SaaS (News - Alert) as an Implementation Model
This model, of course, will be more relevant to IT and operations since it describes how the solution is delivered. SaaS companies that discuss “the cloud” are hosting, maintaining and delivering the solution onto the client’s desktops without the need for the client’s IT department to do the work. Years ago, it might have been described as a “hosted” solution.
“Basically it’s a variety of outsourcing and we’ve had these models for decades, if not longer,” wrote Brock. “Many companies no longer manufacture or service their own products, having companies do this for them. Virtually every part of a company can be outsourced (even sales–think of channel partners and other forms of outsourcing). It’s critical to maintain service/quality levels/reliability levels in those relationships. As sales people, our customers will be concerned about our ability to manage those.”
SaaS as a Payment Model
As the chief financial officer of a company what SaaS means to him or her, and that individual would probably tell you that it’s about a wildly different way of paying for software. The SaaS model eliminates the need to pay for software in a large upfront capital investment.
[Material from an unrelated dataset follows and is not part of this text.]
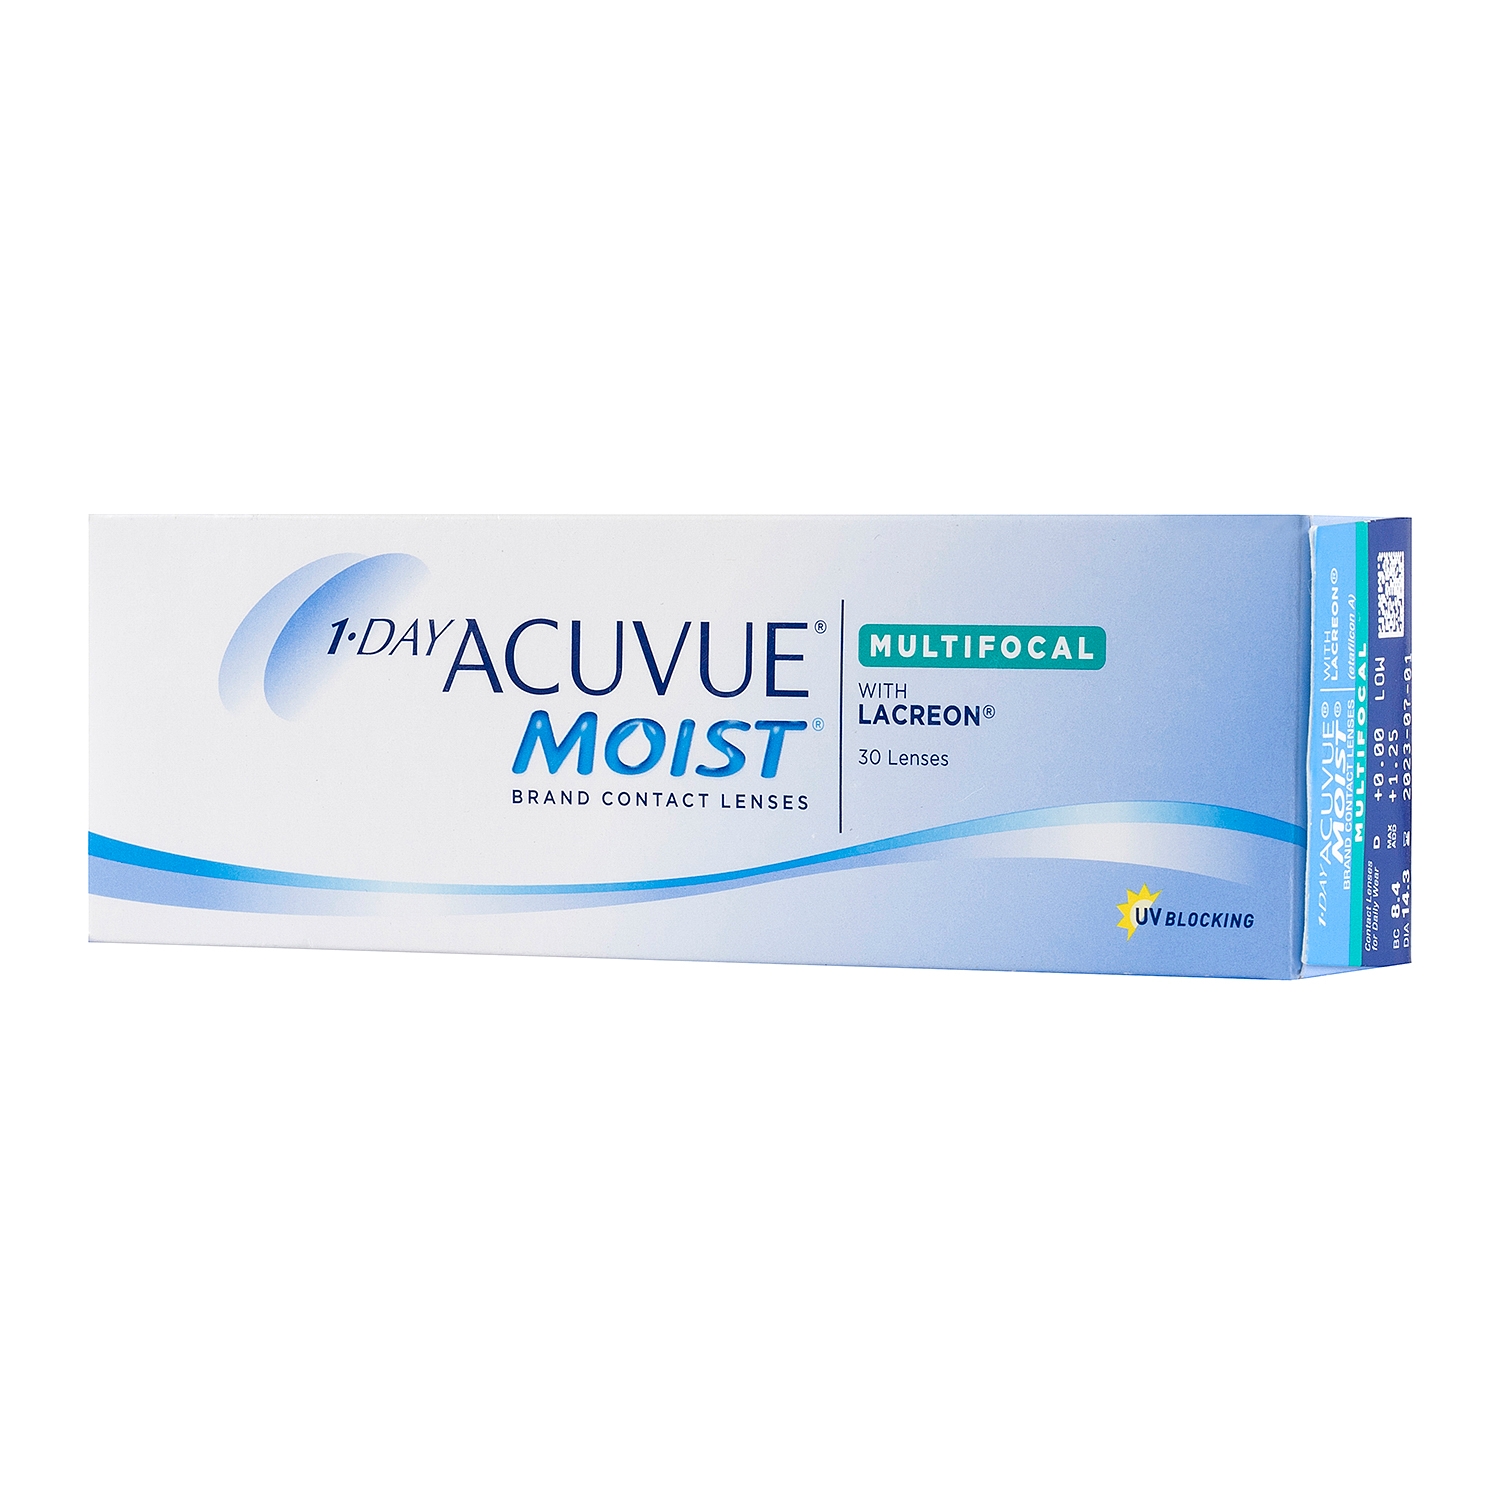 ?? 1 Day Acuvue Moist 30 Multifocal

Instead, paying is a month-to-month deal that usually comes out of operating income. It also means that companies pay for only what they need. In many ways, it also reduces risk for the companies purchasing the solutions on a SaaS basis since it’s more like renting, though the terms may vary greatly from company, so it’s important to compare them.
“A lot of SaaS companies, at least in the early days, said ‘try it for a while, if you don’t like it, you can always cancel.’ As we look at current models, with SaaS contracts going up to three years, the financial decision may be different,” wrote Brock. “But, of course, this is not new. As consumers, with many ‘big ticket’ items, we’ve always had the alternatives of rent/lease/purchase. Even in B2B, we’ve had a variety of rental/lease/purchase/off balance sheet financing models. Customers and sales people (with strong financial acumen) have used these for decades to overcome cash flow, capital budget and other challenges.”
While there is a lot of excitement around SaaS – for good reason, since it can open up new opportunities and avenues, particularly for smaller companies – it’s critical to ensure that you’re making the right comparisons, and collecting the relevant details before you make a decision to sign a contract. It’s also important to differentiate between SaaS solutions that serve business-to-consumer customers and those that customize their SaaS for business-to-business support, such as TeamSupport. Once you’ve committed to a SaaS contract, getting out of it or changing the product to better suit your needs may not be as easy as some companies imply.